I love chicken....grilled...there 50 different ways to make it taste great....are you kidding me....


----------



## Stevethedream (Oct 14, 2014)

I f**king hate myself! Lol. Wow everything he said is so true! I absolutely hate chicken with a passion! "It's like eating wet puzzle piece's mixed with small bits of erasers" ****ING AWESOME!


----------



## JOMO (Oct 14, 2014)

I was waiting for you to post this when I saw it earlier. Didn't want to steal your thunder.

I've got chicken and turkey in the freezer, growing frostbite as we speak. Fuk chicken!


----------



## goodfella (Oct 14, 2014)

A1 chicken dry rub is the best at making chicken taste good 5-7 nights a week. Try it, you'll thank me later.


----------



## ECKSRATED (Oct 14, 2014)

JOMO said:


> I was waiting for you to post this when I saw it earlier. Didn't want to steal your thunder.
> 
> I've got chicken and turkey in the freezer, growing frostbite as we speak. Fuk chicken!

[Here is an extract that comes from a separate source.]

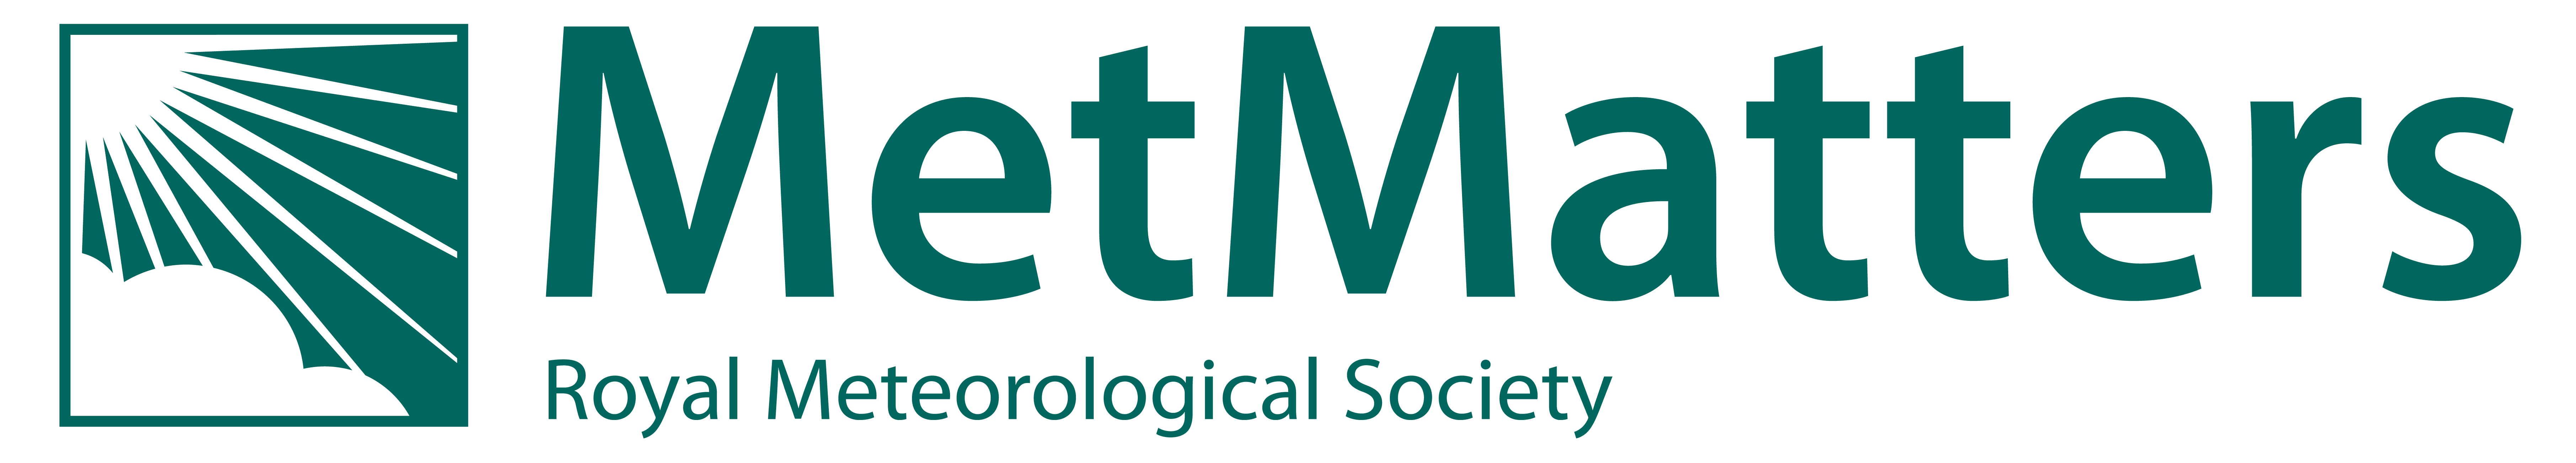 MetMatters logo

Lol I always think about posting his videos too but remember nble likes posting them. 

Doms the best.


----------



## NbleSavage (Oct 14, 2014)

ECKSRATED said:


> Lol I always think about posting his videos too but remember nble likes posting them.
> 
> Doms the best.



I love his videos. Dude just gets it in a way that we can all relate to.


----------



## woodswise (Oct 15, 2014)

This guy is my hero . . .


----------



## ccpro (Oct 19, 2014)

Very clever...very funny


----------



## DieYoungStrong (Oct 20, 2014)

Dom is Bundy. Bundy is Dom.


----------



## MASON DIXON (Oct 20, 2014)

I'll take the chicken head with a side of taters


----------



## Smitherine (Nov 21, 2014)

Old thread but funny...Franks Red Hot!!  I put that shit on everything.  And imagine I'm at hooters eating wings...


----------